I don’t understand how aurora achieves the speed it does with a log based approa...

wgjordan · on Feb 26, 2019

> I don’t understand how aurora achieves the speed it does with a log based approach. Can someone please clarify?

Aurora splits out 'database' nodes (the server instances you provision and pay for) from 'storage' nodes (a 'multi-tenant scale-out storage service' that automatically performs massively-parallel disk I/O in the background). Instead of MySQL writing various data to tablespaces, redo log, double-write buffer, and binary log, Aurora sends only the redo-log over the network to the storage service (in parallel to 6 nodes/3 AZs for durability).

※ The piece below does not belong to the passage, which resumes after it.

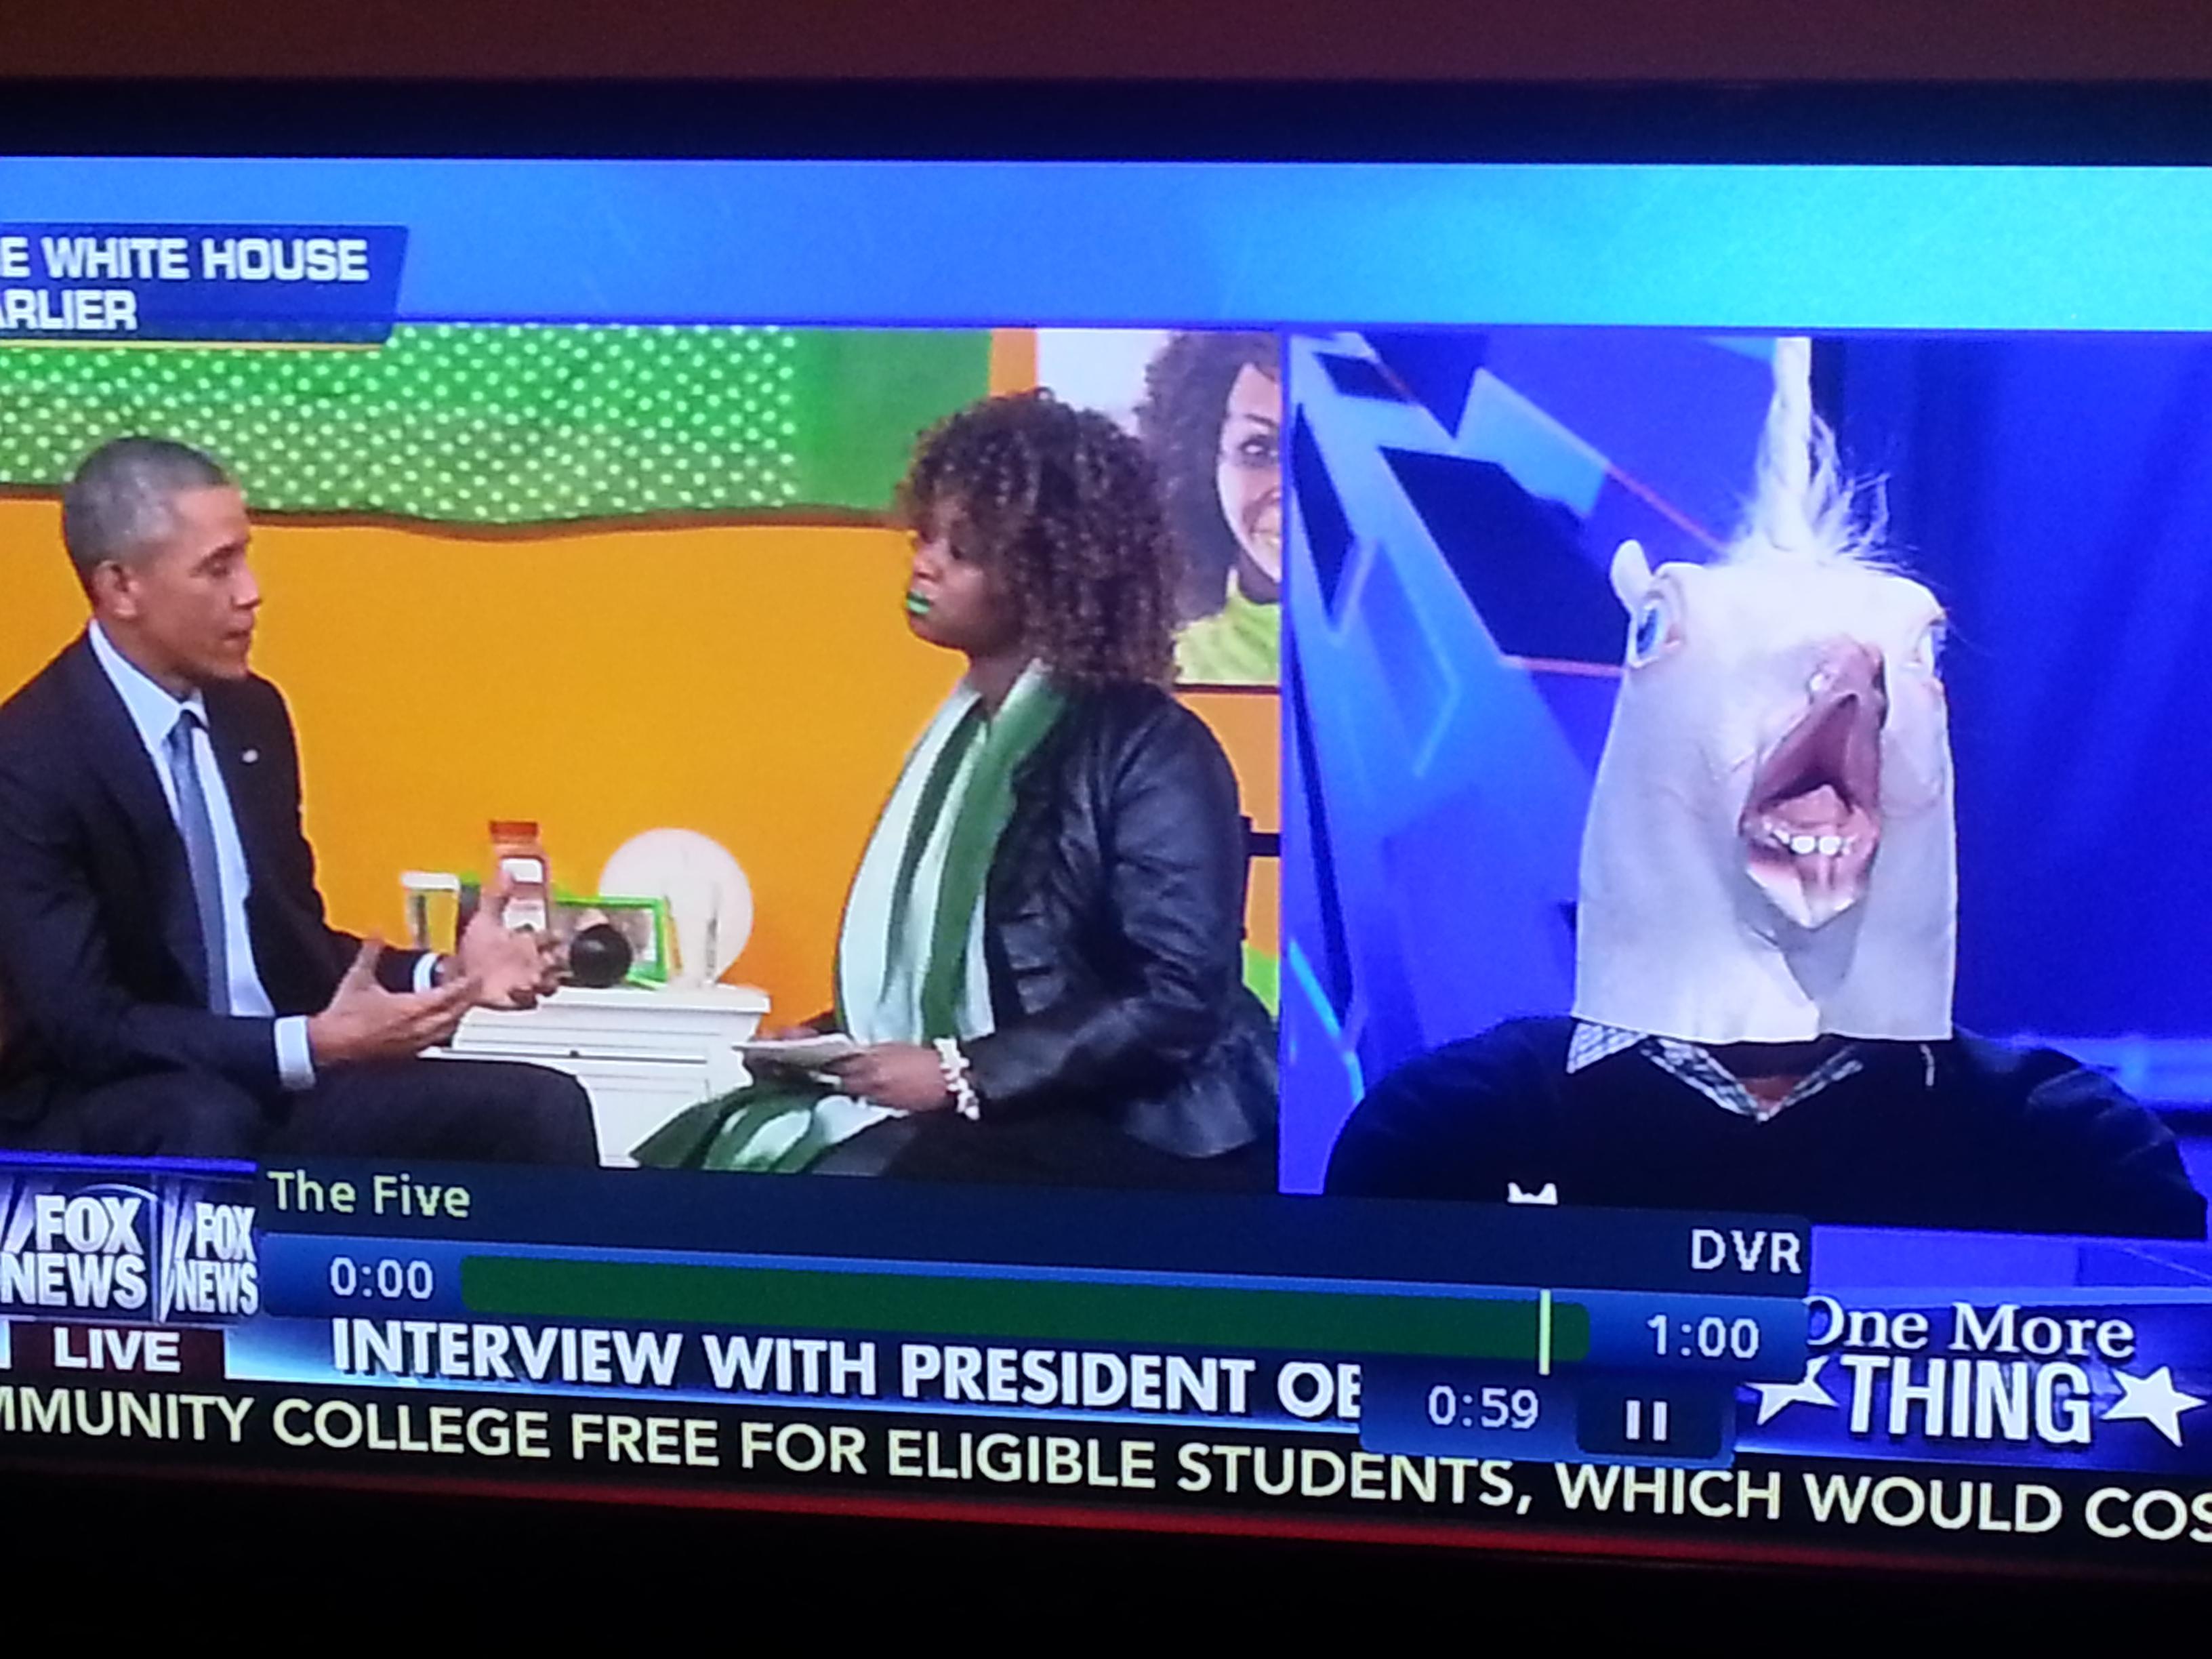 C Fox News

No need for extra tablespace, double-write buffer, binary-log writes, or extra storage-layer mirroring, since durability is guaranteed as soon as a quorum of storage nodes receives the redo-log. The reduced write amplification results in 7.7x fewer network IOs per transaction at the 'database' layer for Aurora (vs standard MySQL running on EBS networked storage, in the benchmark described in the paper), and 46x fewer disk IOs at the 'storage' layer [1].

[1] https://www.allthingsdistributed.com/files/p1041-verbitski.p...

gigatexal · on Feb 26, 2019

That’s an impressive savings in io

dmlittle · on Feb 26, 2019

Last time we benchmarked Aurora (~2 years ago) the write speed of Aurora is pretty slow compared to RDS (Postgres RDS was able to achieve 3x write throughput)

PetahNZ · on Feb 26, 2019

Anecdotally after migrating from RDS MySQL to serverless Aurora there was a noticeable slowdown of our dashboard and reporting tools. Our typical workloads (ecommerce transactions) are slightly slower on average, but the peaks seem down.

sciurus · on Feb 26, 2019

Serverless Aurora likely has different performance characteristics than normal Aurora.

danielecook · on Feb 26, 2019

I never did a thorough benchmark but I was working with a poorly indexed DB (actually...no indexes) that had millions of records and despite the lack of indices the database still queried quickly.

dmlittle · on Feb 27, 2019

Read speeds are pretty good but write speeds not so much. For our particular use case 99.99% of queries ran would have been inserts with reports only generated once per month.

preetamjinka · on Feb 26, 2019

What was the concurrency like in those benchmarks?

dmlittle · on Feb 27, 2019

I don't remember as this was 2 years ago. We were only concerned with write speeds as that was the majority of queries we would be performing. Read speeds were pretty good.